Writing Groups: It Takes a Village ...

"Showing up" on a walk with our bambino

… to keep writing. I could easily spend my days vacuuming under the high chair and folding load after load of laundry. But writing friends encourage me with deadlines.

I'm in two small writing workshops, one poetry and one multi-genre. Between the two, we live in many different cities and two countries. Every week, we email each other new pieces and share some feedback on the work.

Yes, sometimes I'm very excited to share a new poem and sometimes I'm at a loss as to what to write. Sometimes, when the baby is screaming, I'm unnerved by the fact that I think I can balance three jobs: mother, teacher & writer.

Having a self-imposed deadline and feeling responsible to other writers in the group - who wants to be the weak link? - helps me to find the time to compose new work. Part of that composition might happen as I'm on a walk with the baby and the majority of it happens when I'm sitting at the computer writing.

As Hila Ratzabi, of the Red Sofa Salon, wrote about her residency at Vermont Studio Center, simply showing up to write is a major part of writing at all. "And I know people say this a lot, but you really have to show up. And showing up is brave. I totally dread approaching my work sometimes cause I think I have nothing to say or it’s not going to be great. But I surprise myself over and over."As a (still fairly new) mother, "showing up" sometimes happens at unusual times, but it still counts.

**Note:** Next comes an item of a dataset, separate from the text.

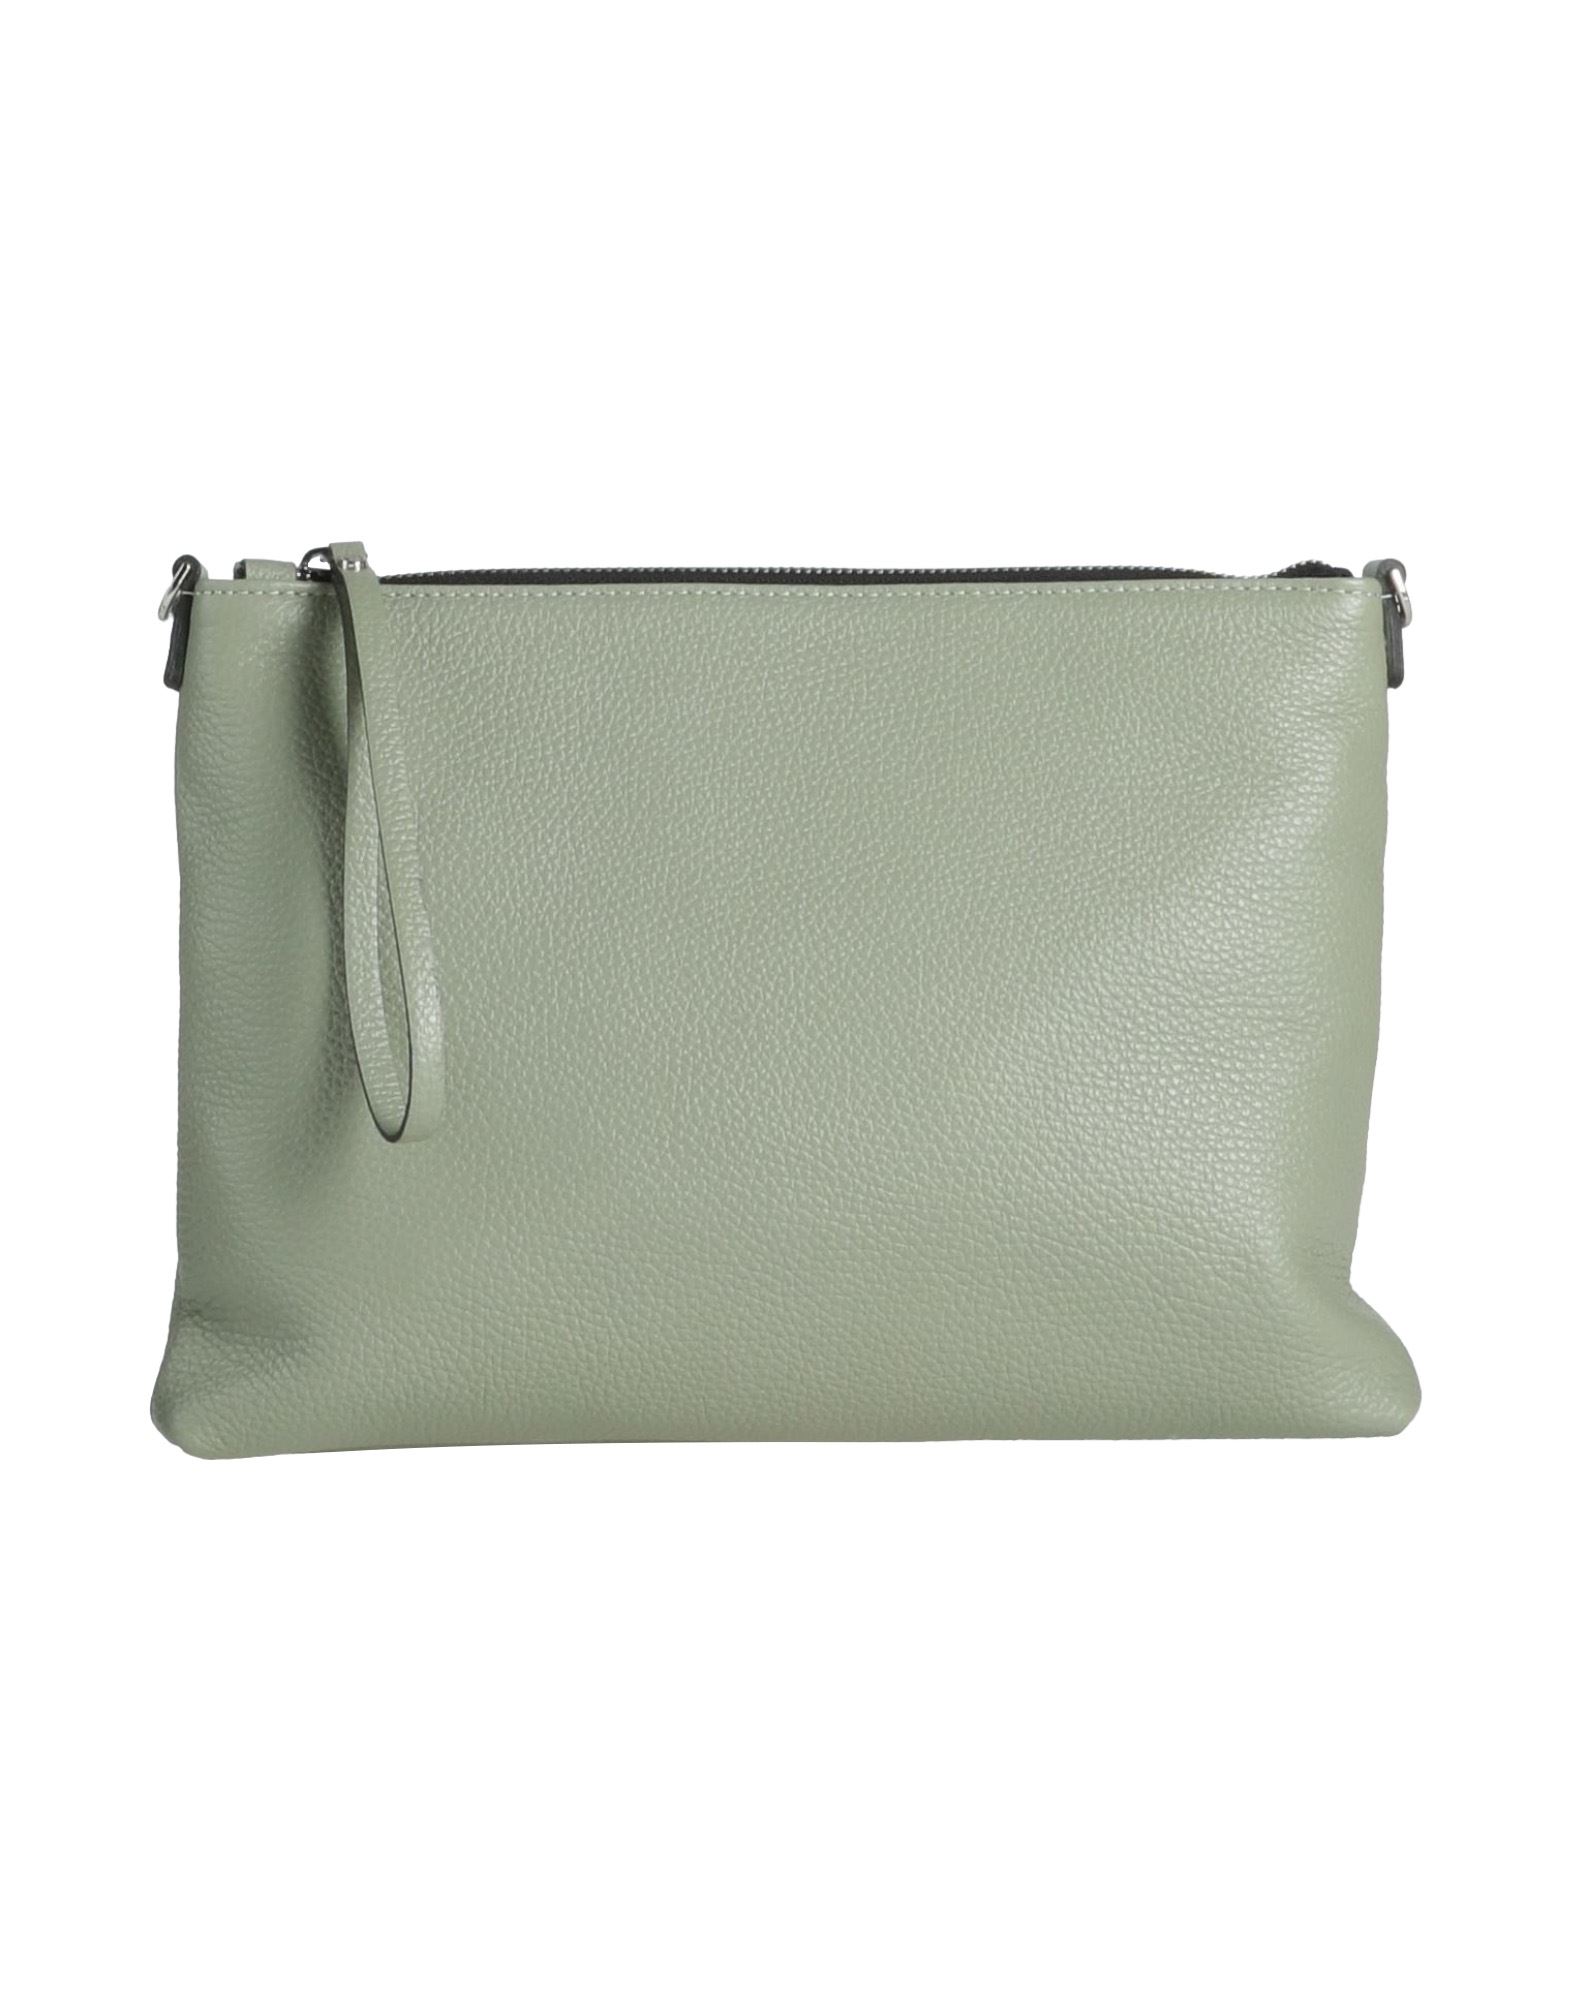 Gianni Chiarini Handbags In Sage Green

Last week I emailed into my two writing groups to say that while I didn't have anything new, I had been revising and submitting work. A writer in one of the groups had encouraged me to try Duotrope, the submissions database. I hadn't submitted anything in months and months. One week later, I've submitted about 2/3rds of the individual poems from my current manuscript. Phew!

Tomorrow is our deadline. I have a virtual stack of grading to finish and I'm teaching a memoir workshop at Politics & Prose bookstore today. I'm accountable to my students to fulfill my commitment to teaching them to the best of my ability. I'm accountable to my writing friends to keep writing.

And, most of all, I'm accountable to myself.

Back to work.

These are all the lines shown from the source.